The orange light was actually pushing them away. They were flying off me like magnets to a refrigerator, headfirst into the opposite wall. The contact was like thunder, and I was amazed that someone hadn't run to the scene yet. In a moment, all of the Water People were at the other end of the room, motionless. That's when I saw it.
I tried to rub it off, but it had no effect. I touched it, expecting to shoot backwards. But it didn't do anything at all to me. I shook my hands vigorously, and the light just moved along with my hands.

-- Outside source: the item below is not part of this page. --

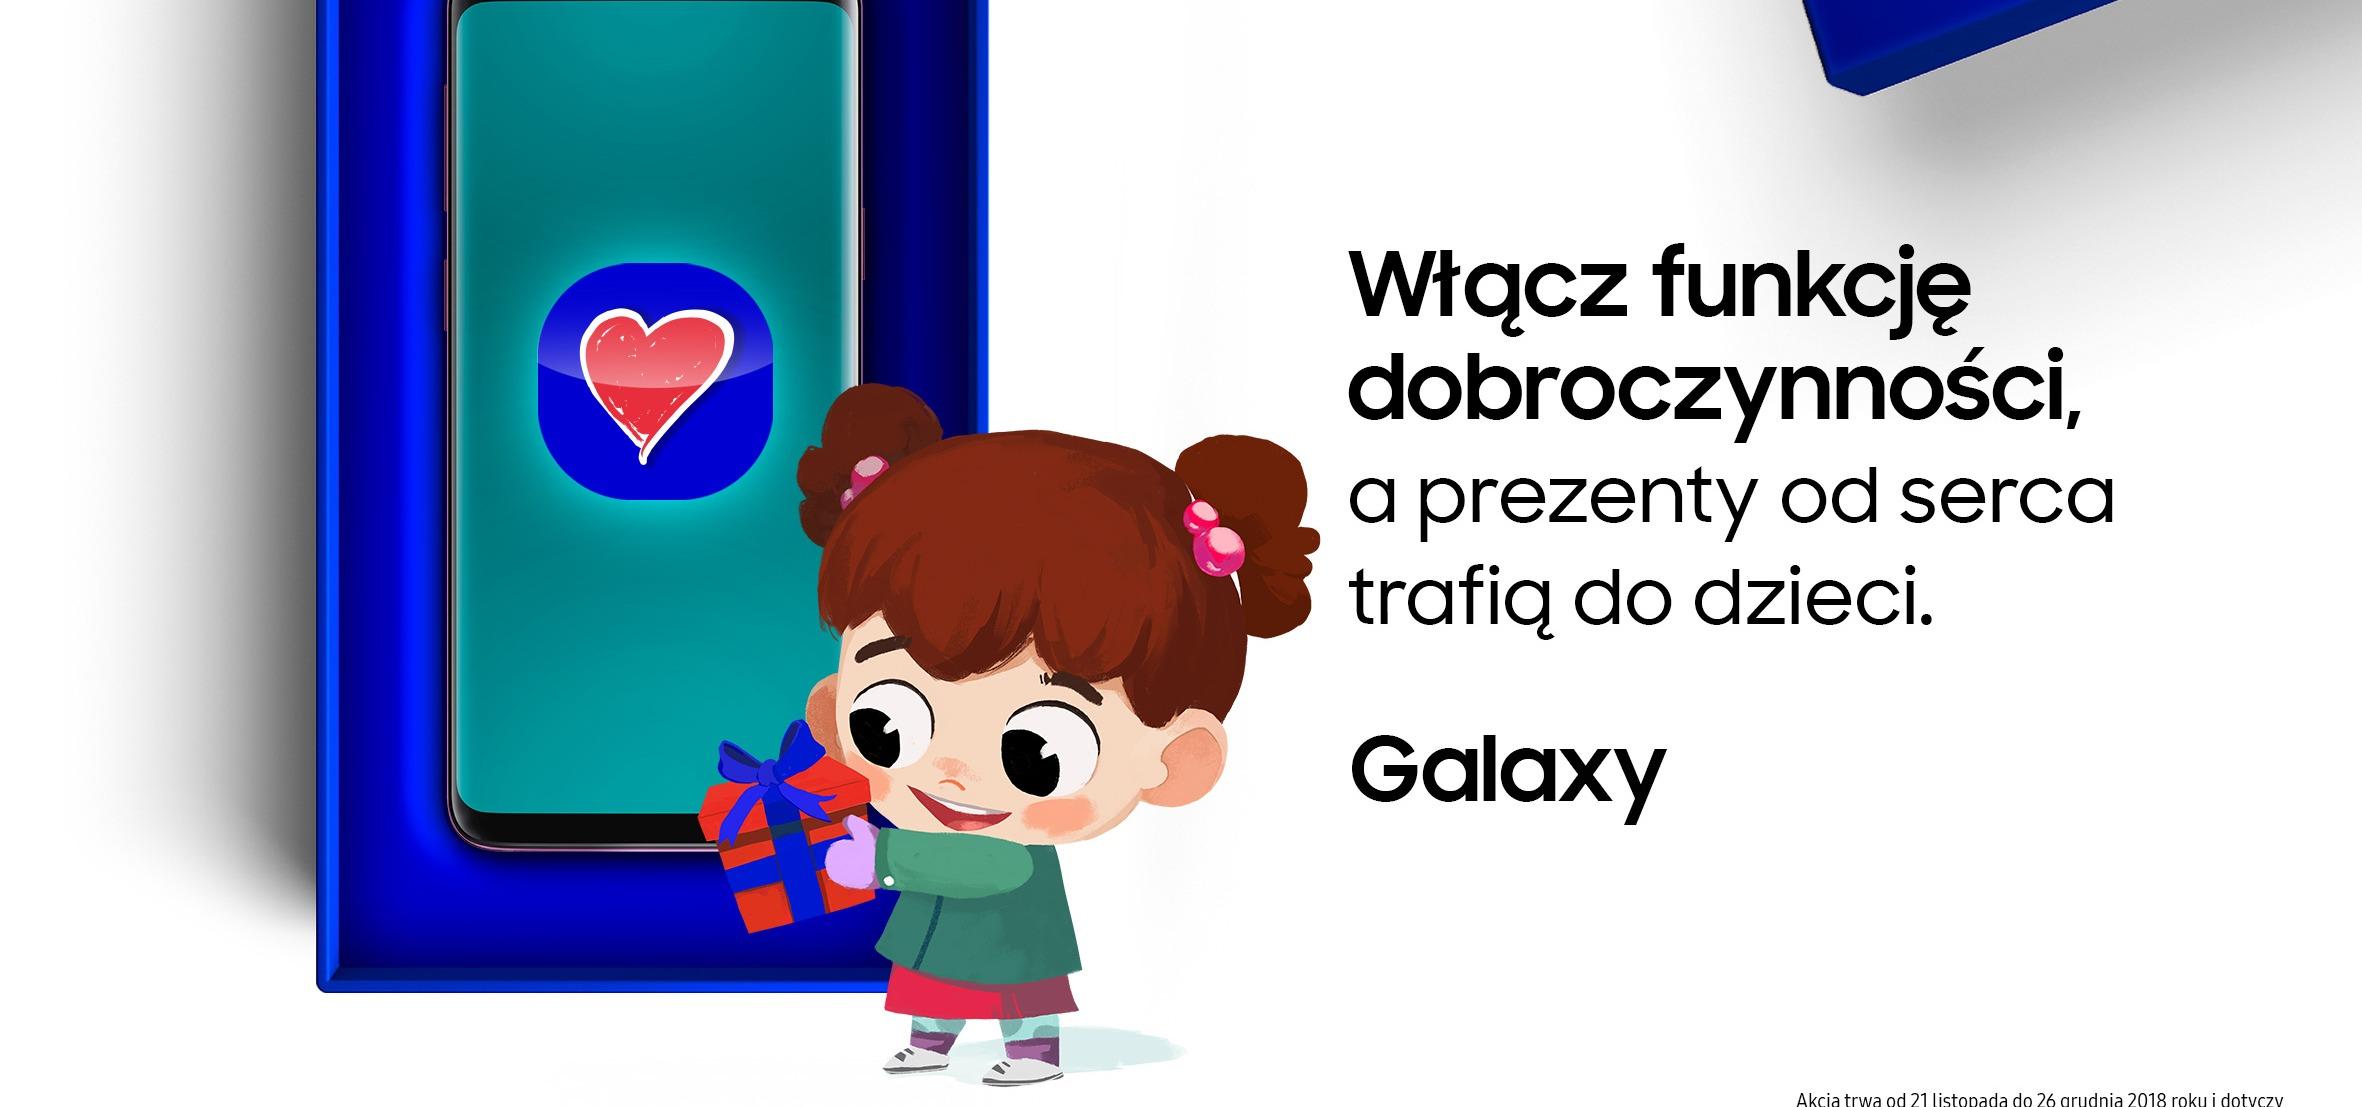 Smartfony Samsung z #FunkcjąDobroczynności – wystartowała świąteczna kampania marki
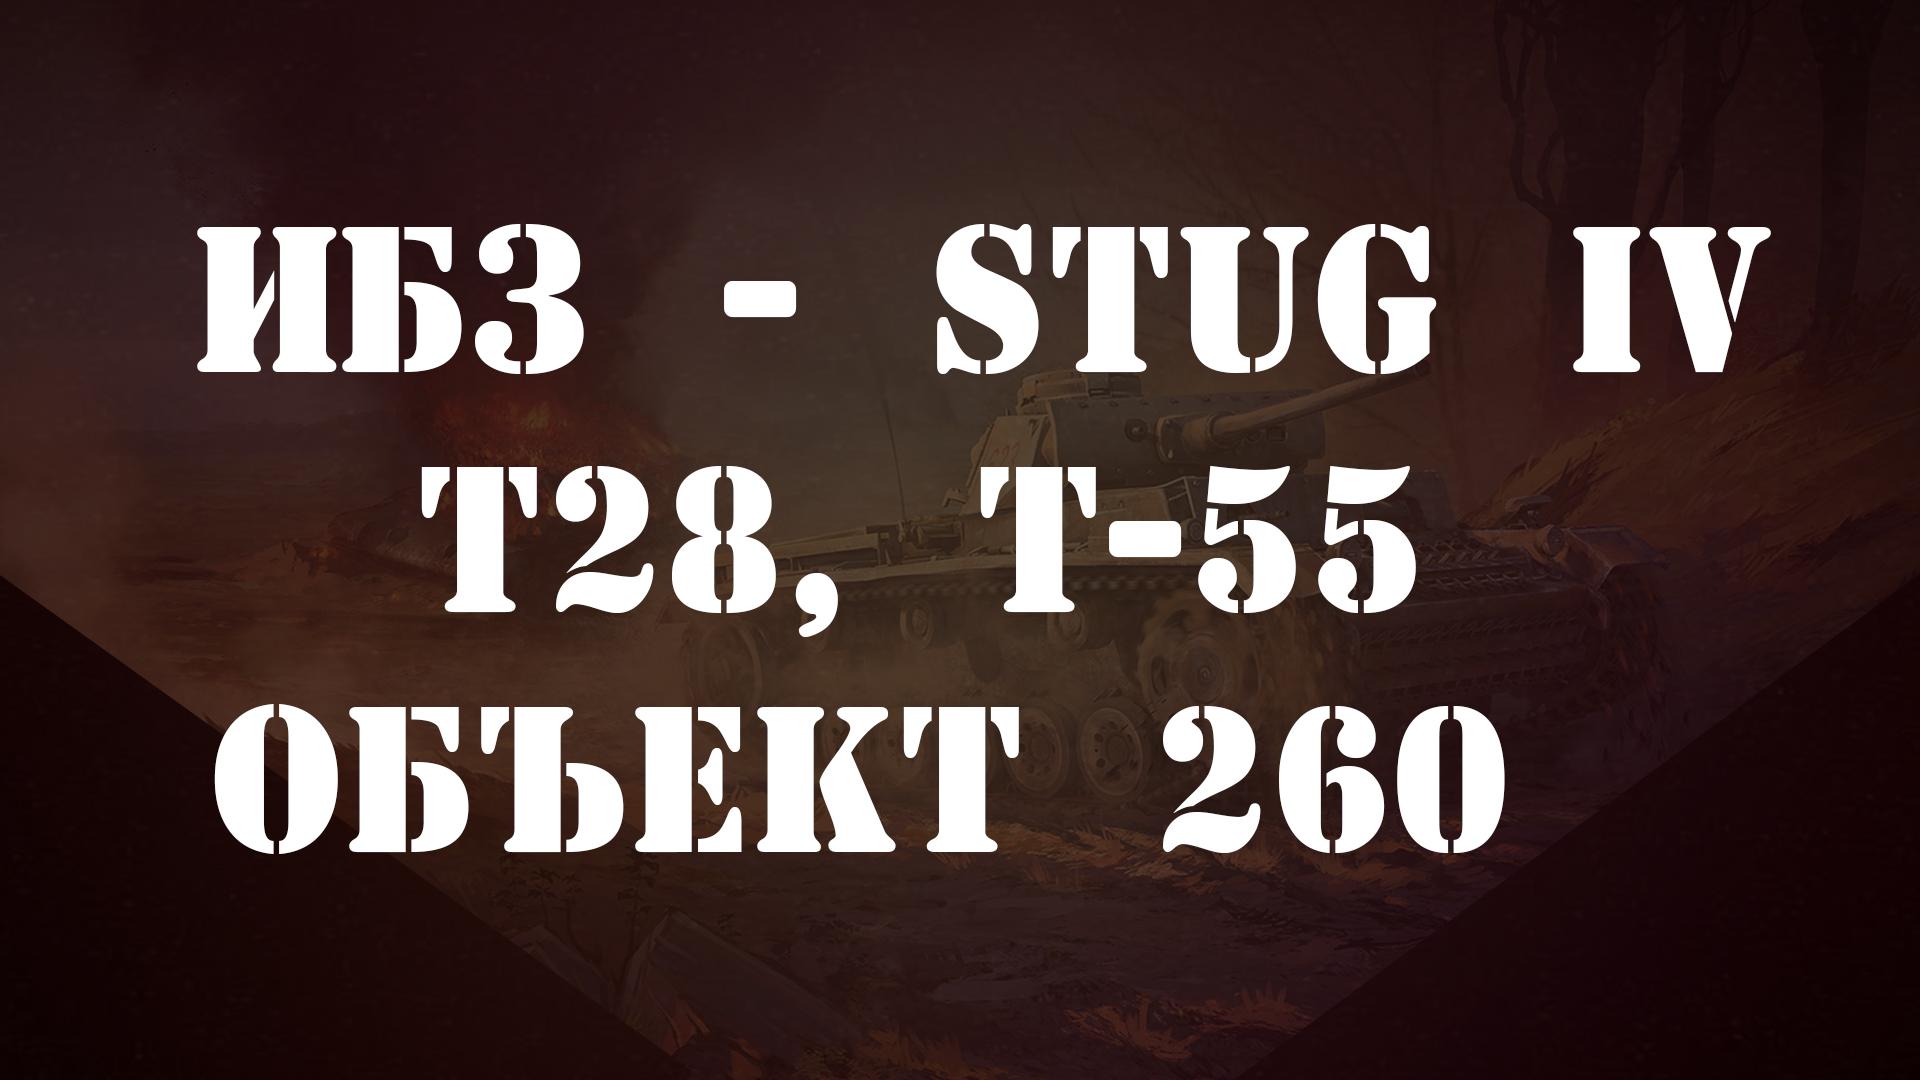 ИБЗ - StuG IV / Т28 / Т-55 NVA DDR / Объект 260

"What. Is. Happening. To. Me?" The glow was coming from my palms. Actually, the glow was shedding on my entire hand and it was so warm, it felt like I was wearing a glove. But something looked familiar about the orange and red glow. I sprinted to the teacher's desk where Mrs. Gerando was now staring at me in disbelief. I grabbed a paper, I didn't take the time to look at what it was, and gripped it tightly in my palm. It sizzled and burned in an instant, the ashes falling in a pile on the floor.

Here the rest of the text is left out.